* **Activity**
Exclude the images, then return every line below exactly as written.

* **Recorded data**
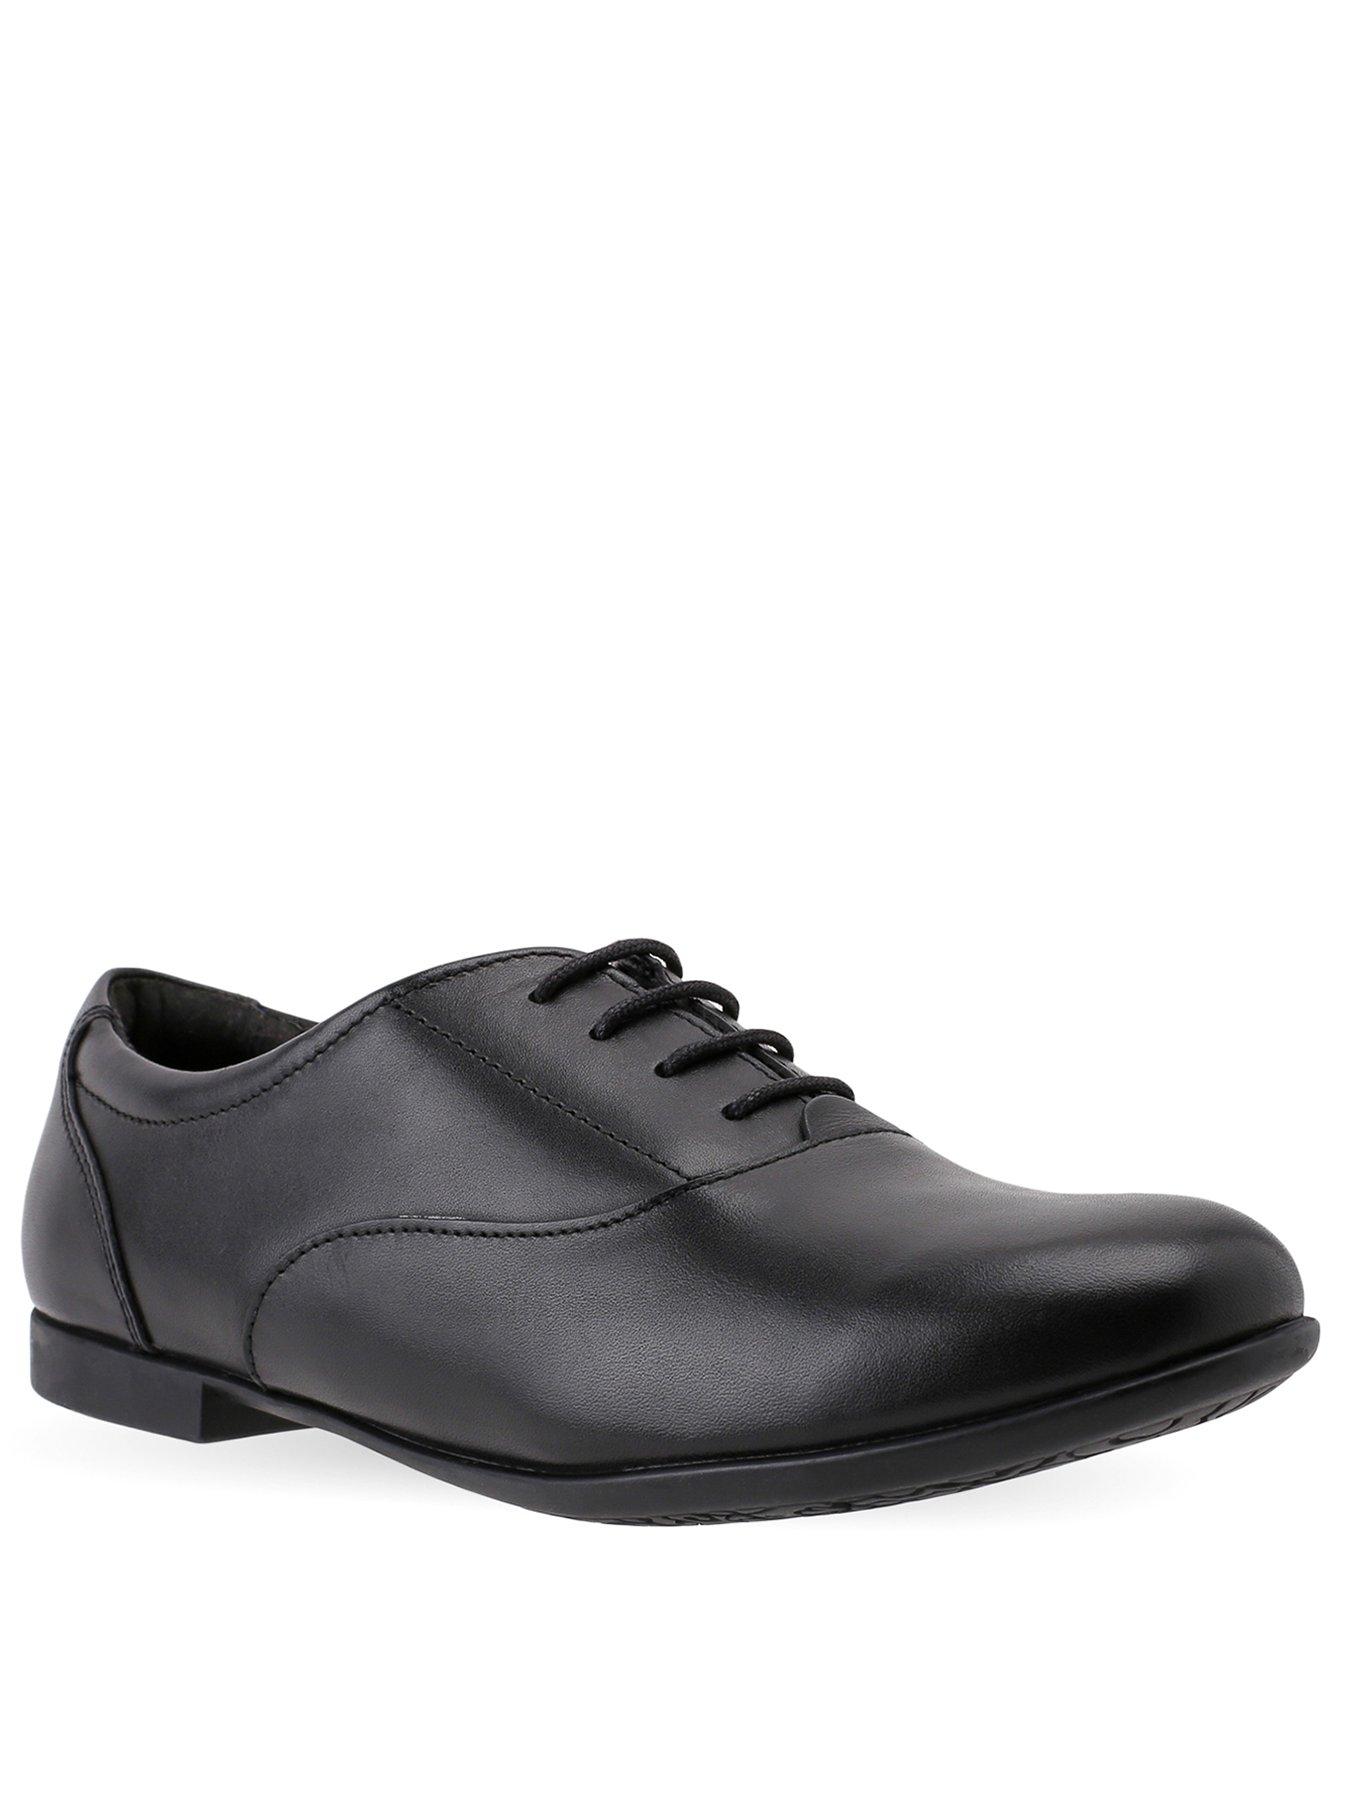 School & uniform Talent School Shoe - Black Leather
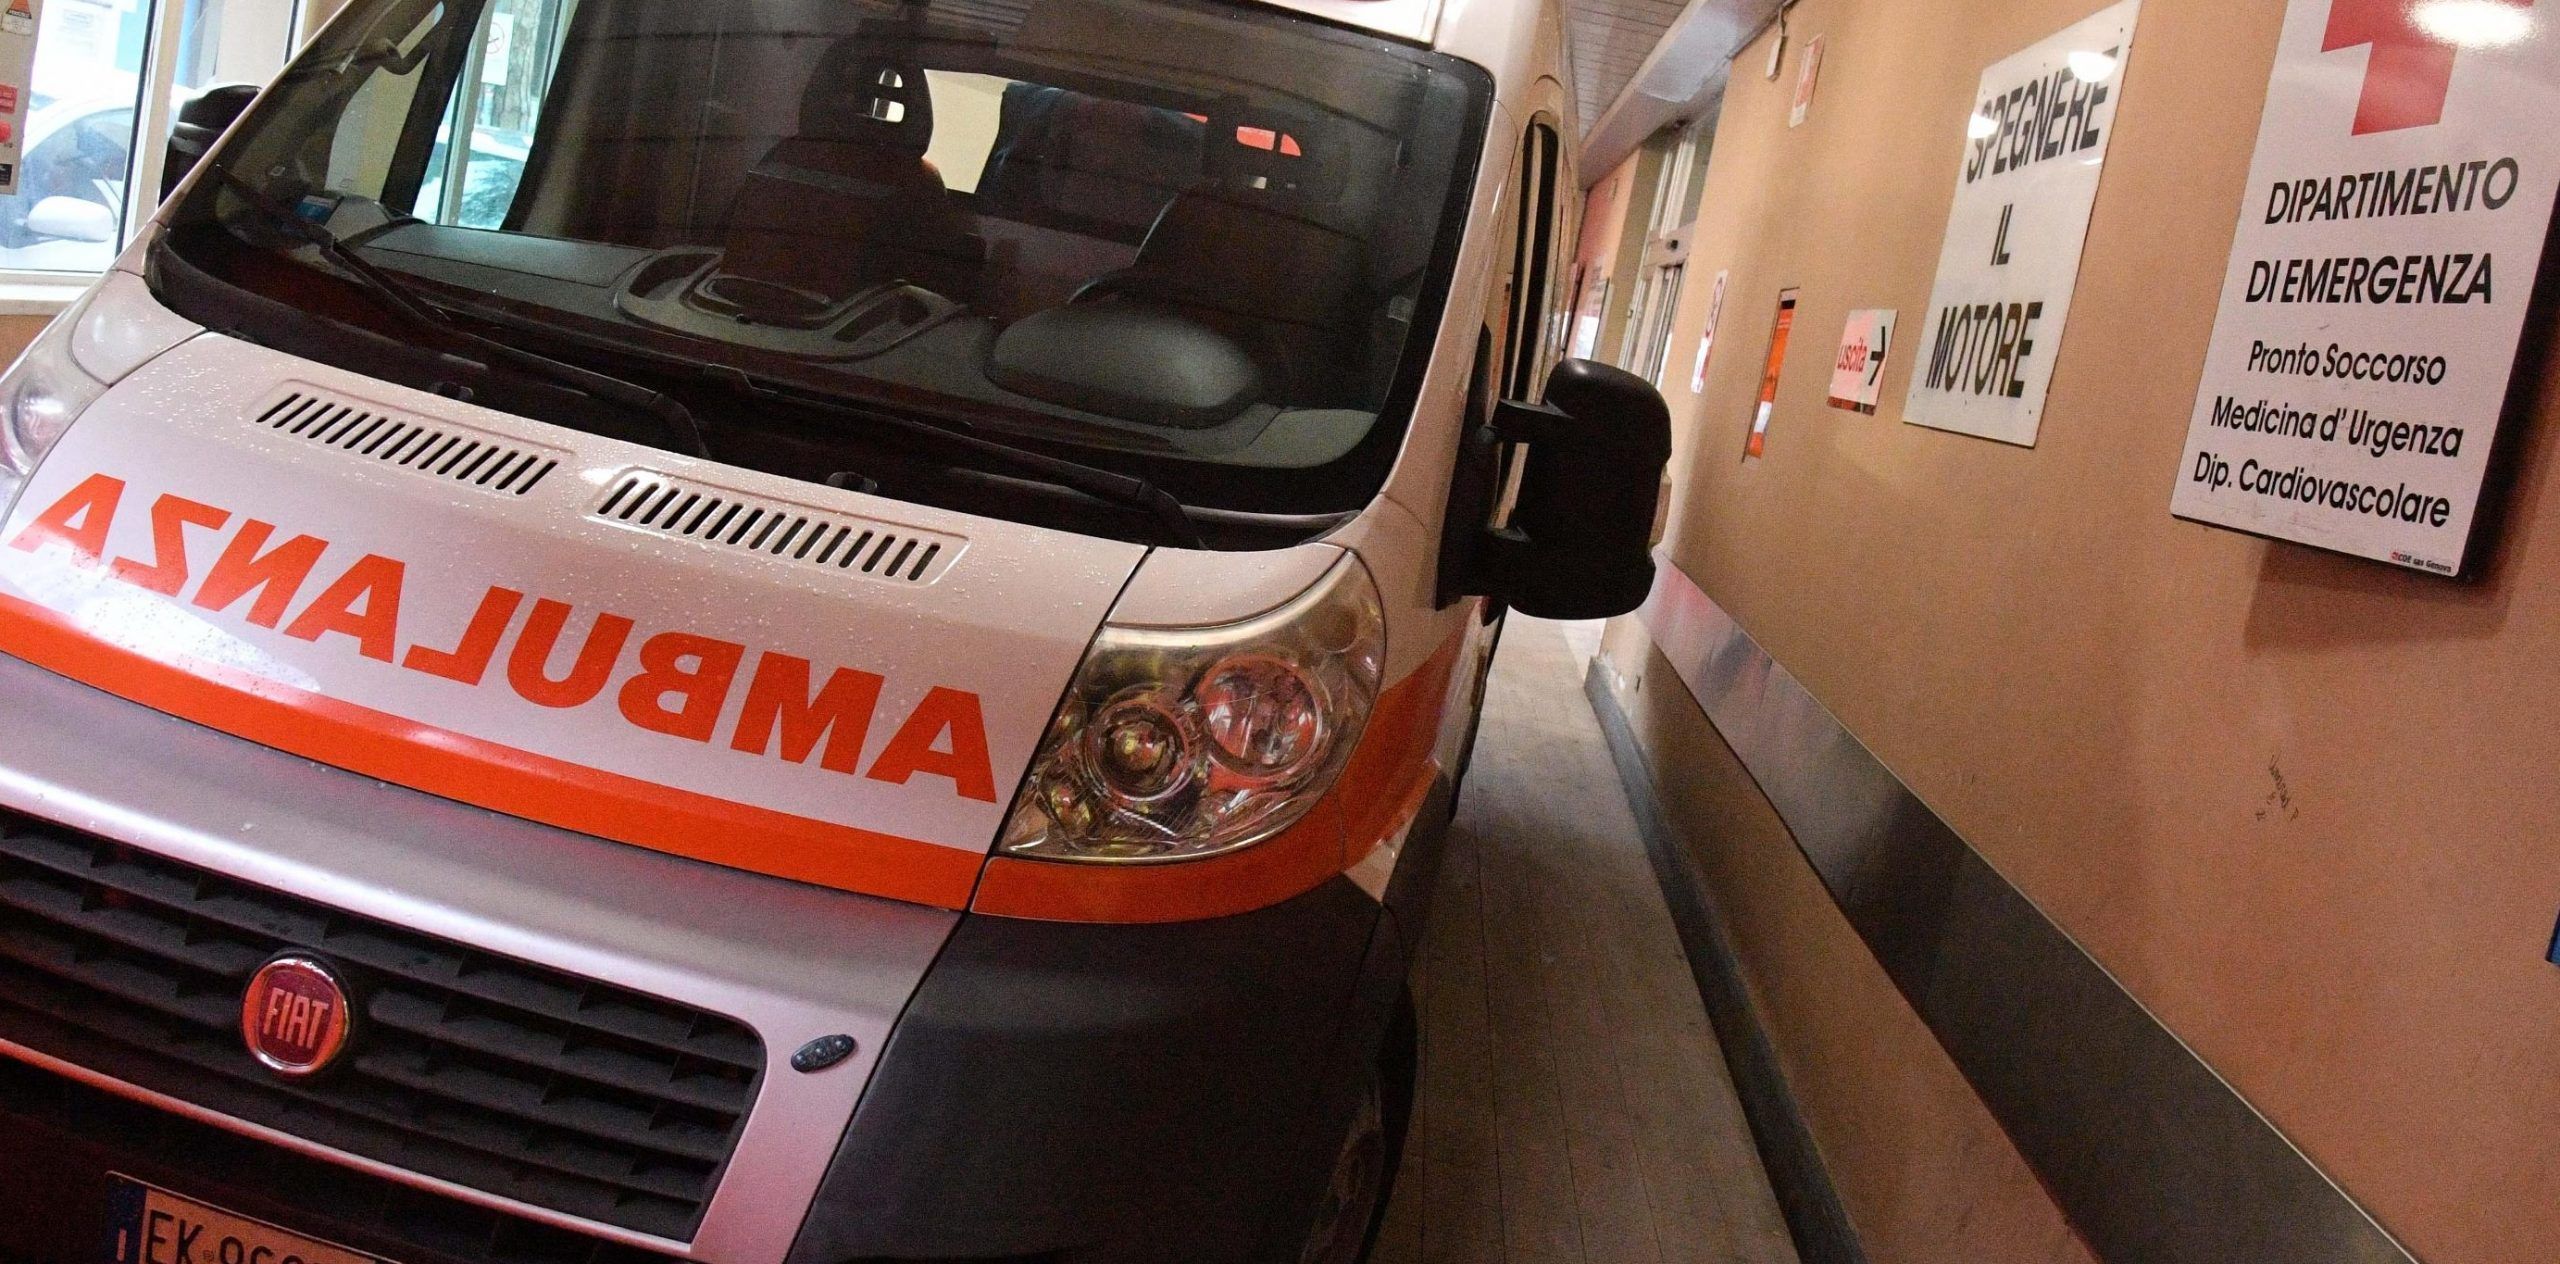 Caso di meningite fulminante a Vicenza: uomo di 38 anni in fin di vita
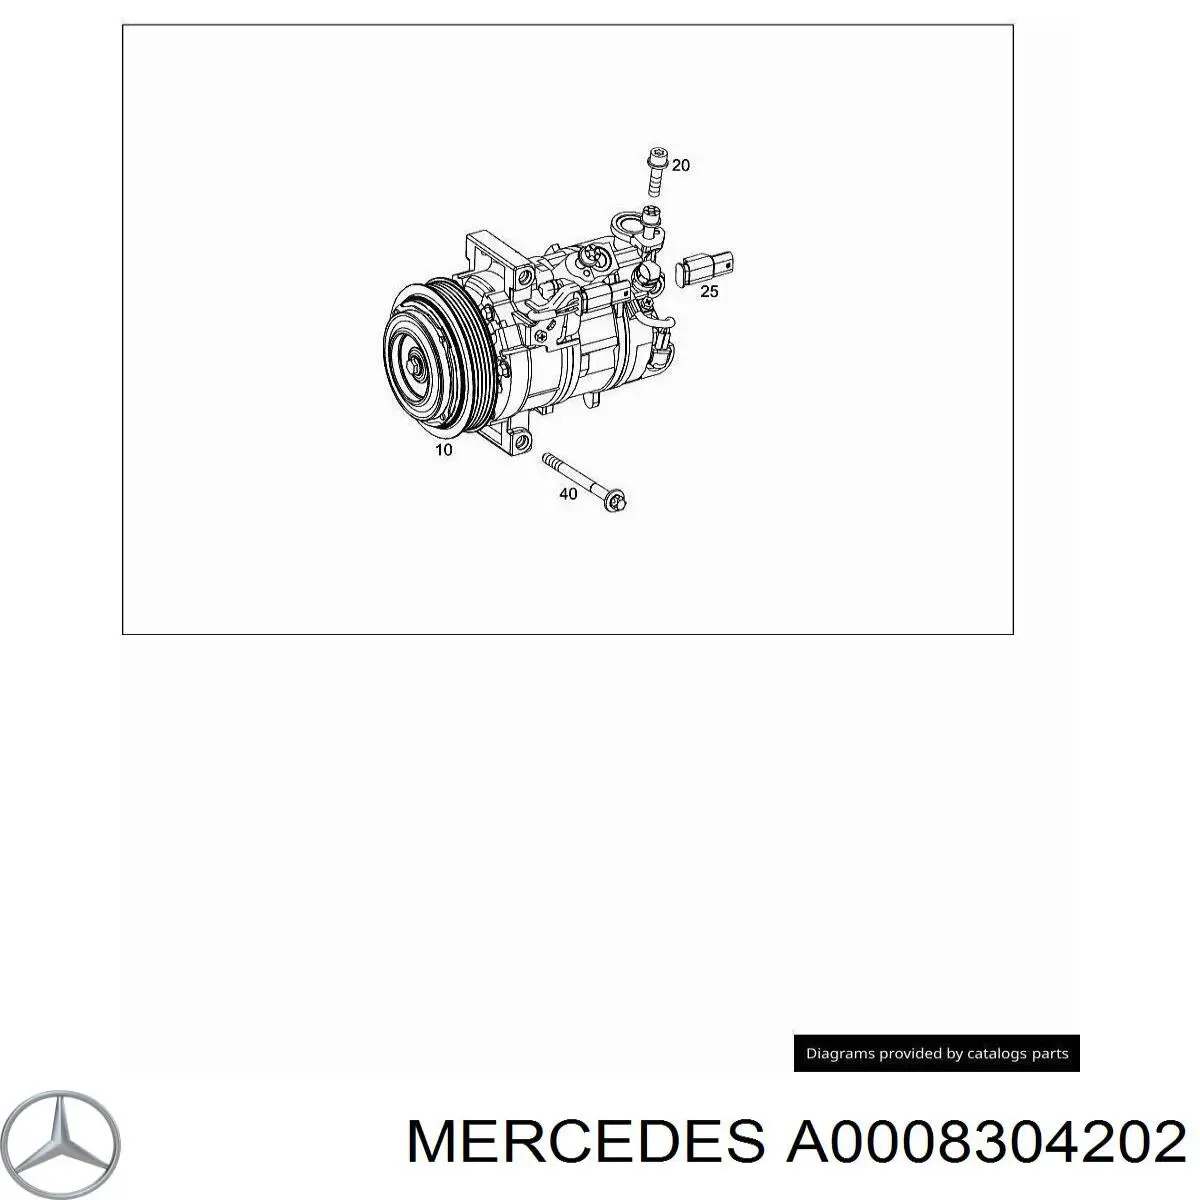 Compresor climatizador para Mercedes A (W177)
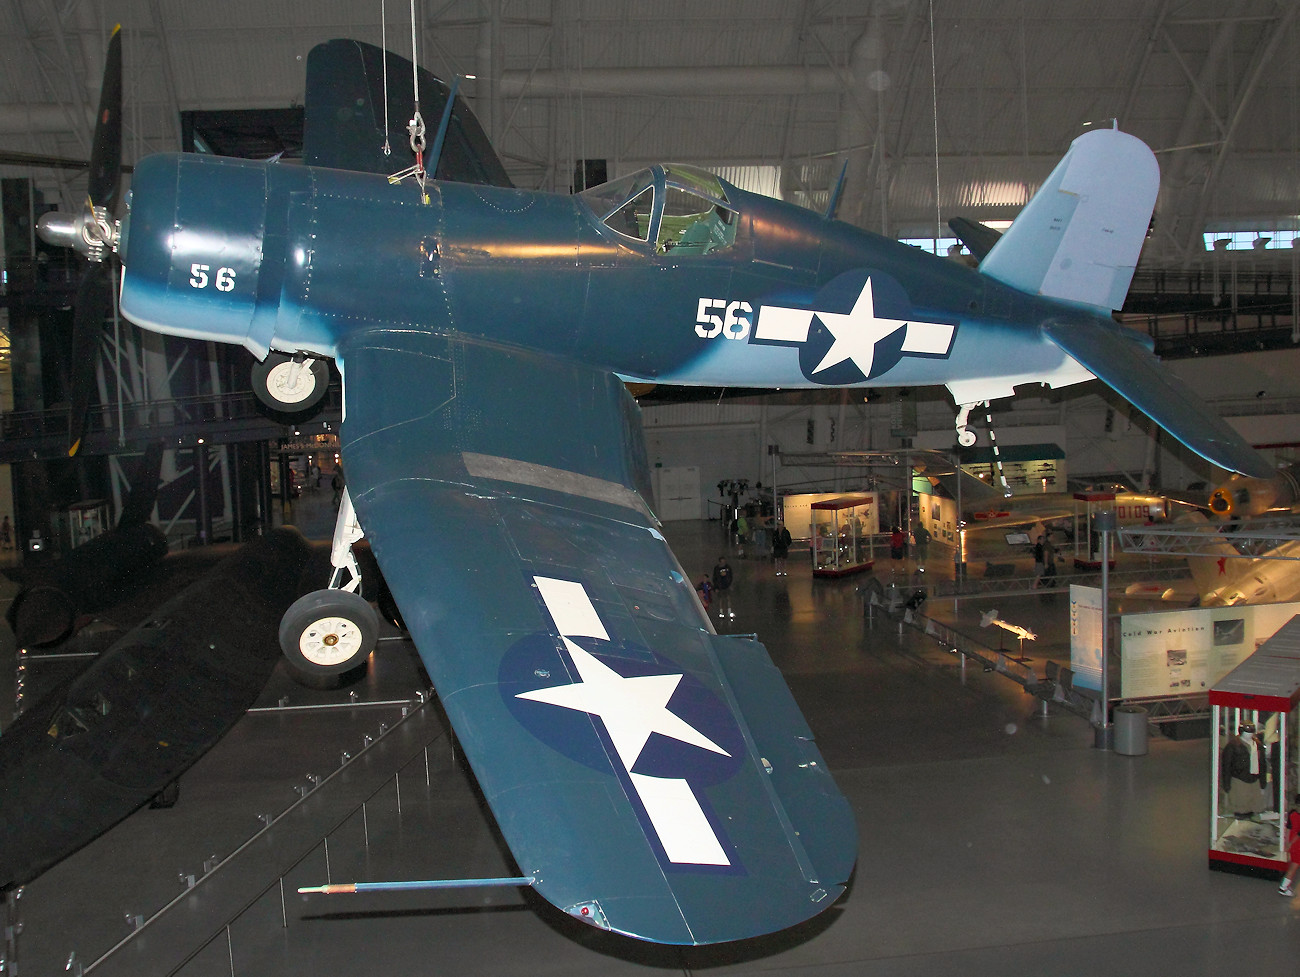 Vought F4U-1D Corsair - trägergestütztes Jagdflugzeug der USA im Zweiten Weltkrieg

* **Solution**
 School & uniform Talent School Shoe - Black Leather
 Caso di meningite fulminante a Vicenza: uomo di 38 anni in fin di vita
 Compresor climatizador para Mercedes A (W177)
 Vought F4U-1D Corsair - trägergestütztes Jagdflugzeug der USA im Zweiten Weltkrieg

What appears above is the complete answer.